● **ACTION ITEM**
Nothing outside the range below should be printed. Output exactly the lines from the line with "近傍監督する給料自動歯ブラシ" to the line with "해피룸 휴플러스 슬리밍", both included.

● **SOURCE INFORMATION**
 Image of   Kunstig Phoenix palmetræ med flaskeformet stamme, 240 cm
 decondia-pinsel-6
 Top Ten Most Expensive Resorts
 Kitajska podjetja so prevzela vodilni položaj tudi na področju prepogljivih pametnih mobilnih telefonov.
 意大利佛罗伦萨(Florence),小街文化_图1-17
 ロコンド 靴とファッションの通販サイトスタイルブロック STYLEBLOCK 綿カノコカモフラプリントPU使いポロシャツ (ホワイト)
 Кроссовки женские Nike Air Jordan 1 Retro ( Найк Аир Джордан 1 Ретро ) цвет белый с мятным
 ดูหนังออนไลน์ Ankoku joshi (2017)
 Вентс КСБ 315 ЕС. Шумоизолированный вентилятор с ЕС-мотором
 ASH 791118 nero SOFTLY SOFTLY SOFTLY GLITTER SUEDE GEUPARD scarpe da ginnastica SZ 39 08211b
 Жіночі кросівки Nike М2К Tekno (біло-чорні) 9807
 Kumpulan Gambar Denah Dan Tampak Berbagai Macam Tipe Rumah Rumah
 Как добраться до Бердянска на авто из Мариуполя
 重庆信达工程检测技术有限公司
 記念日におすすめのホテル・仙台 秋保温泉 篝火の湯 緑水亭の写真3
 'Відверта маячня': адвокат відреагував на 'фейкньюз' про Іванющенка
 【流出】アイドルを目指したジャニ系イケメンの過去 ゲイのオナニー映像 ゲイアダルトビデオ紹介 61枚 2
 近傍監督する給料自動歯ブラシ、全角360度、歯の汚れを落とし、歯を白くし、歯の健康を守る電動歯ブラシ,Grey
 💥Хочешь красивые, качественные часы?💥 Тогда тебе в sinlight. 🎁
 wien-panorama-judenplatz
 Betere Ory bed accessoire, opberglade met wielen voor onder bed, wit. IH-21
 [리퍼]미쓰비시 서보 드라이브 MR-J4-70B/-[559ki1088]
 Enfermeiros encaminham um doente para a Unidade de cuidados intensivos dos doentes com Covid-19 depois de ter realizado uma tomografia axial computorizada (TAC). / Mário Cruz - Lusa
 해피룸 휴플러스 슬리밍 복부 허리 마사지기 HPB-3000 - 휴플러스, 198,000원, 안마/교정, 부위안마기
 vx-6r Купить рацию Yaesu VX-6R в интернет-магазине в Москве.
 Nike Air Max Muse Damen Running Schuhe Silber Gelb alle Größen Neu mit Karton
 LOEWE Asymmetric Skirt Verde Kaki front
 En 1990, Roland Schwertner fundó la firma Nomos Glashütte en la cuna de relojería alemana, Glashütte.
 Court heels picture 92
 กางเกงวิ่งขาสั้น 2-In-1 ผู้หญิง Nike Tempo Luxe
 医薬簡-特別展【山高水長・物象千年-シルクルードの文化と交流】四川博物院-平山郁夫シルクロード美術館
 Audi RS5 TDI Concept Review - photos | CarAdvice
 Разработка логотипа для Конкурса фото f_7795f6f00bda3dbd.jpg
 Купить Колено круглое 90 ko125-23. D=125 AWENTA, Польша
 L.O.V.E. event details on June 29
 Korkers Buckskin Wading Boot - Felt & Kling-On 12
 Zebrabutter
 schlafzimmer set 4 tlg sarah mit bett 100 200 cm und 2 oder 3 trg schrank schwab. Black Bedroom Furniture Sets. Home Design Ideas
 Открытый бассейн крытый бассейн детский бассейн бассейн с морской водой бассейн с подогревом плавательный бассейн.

● **OUTPUT OF THE TASK**
 近傍監督する給料自動歯ブラシ、全角360度、歯の汚れを落とし、歯を白くし、歯の健康を守る電動歯ブラシ,Grey
 💥Хочешь красивые, качественные часы?💥 Тогда тебе в sinlight. 🎁
 wien-panorama-judenplatz
 Betere Ory bed accessoire, opberglade met wielen voor onder bed, wit. IH-21
 [리퍼]미쓰비시 서보 드라이브 MR-J4-70B/-[559ki1088]
 Enfermeiros encaminham um doente para a Unidade de cuidados intensivos dos doentes com Covid-19 depois de ter realizado uma tomografia axial computorizada (TAC). / Mário Cruz - Lusa
 해피룸 휴플러스 슬리밍 복부 허리 마사지기 HPB-3000 - 휴플러스, 198,000원, 안마/교정, 부위안마기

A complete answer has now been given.